## Your assignment
Once you reach the line containing "Malir Cantonment price" in the entries below, write out that line and each one after it down to the line containing "Wallpaper Cats Halloween", exactly and with nothing added.

## Records for the task
================================

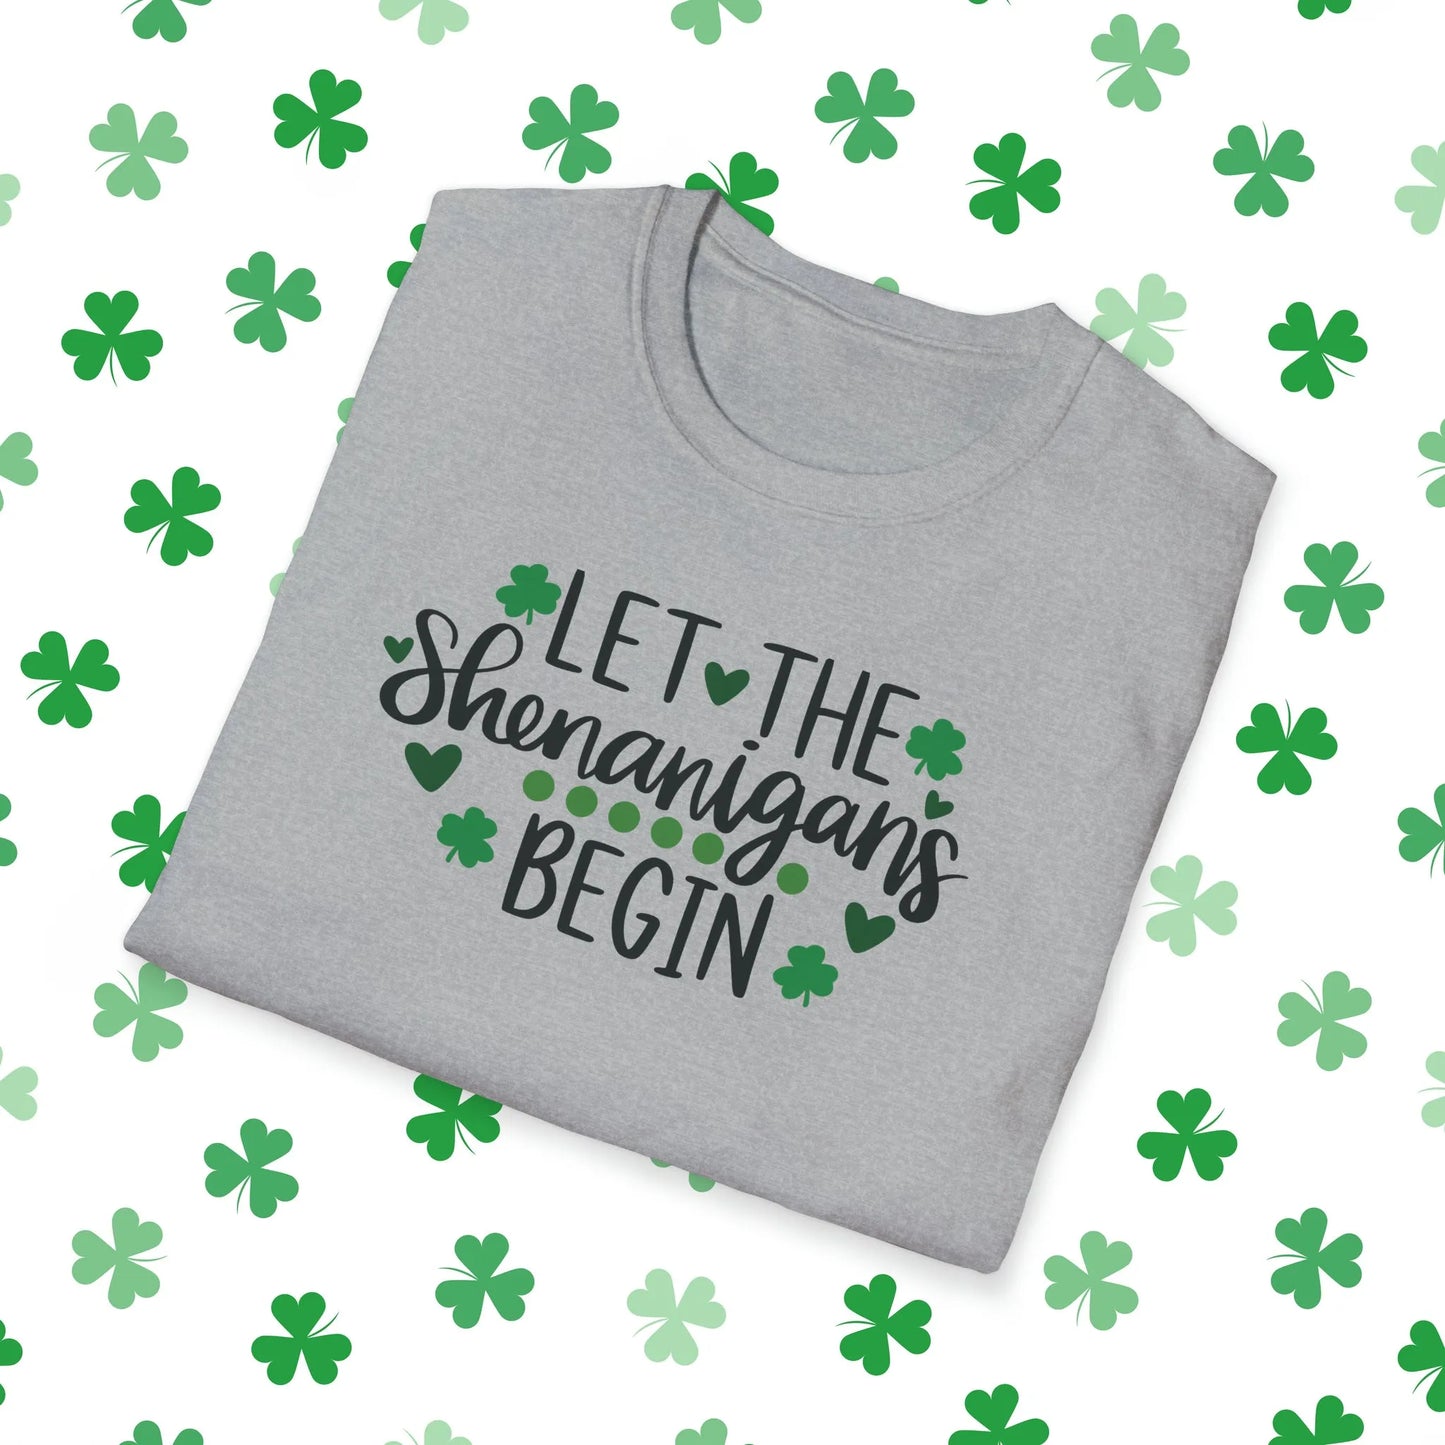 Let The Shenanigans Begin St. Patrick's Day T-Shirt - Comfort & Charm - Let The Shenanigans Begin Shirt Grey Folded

================================

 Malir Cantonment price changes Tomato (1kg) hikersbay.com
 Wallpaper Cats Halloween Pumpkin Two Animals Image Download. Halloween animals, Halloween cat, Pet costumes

================================

## Your solution
 Malir Cantonment price changes Tomato (1kg) hikersbay.com
 Wallpaper Cats Halloween Pumpkin Two Animals Image Download. Halloween animals, Halloween cat, Pet costumes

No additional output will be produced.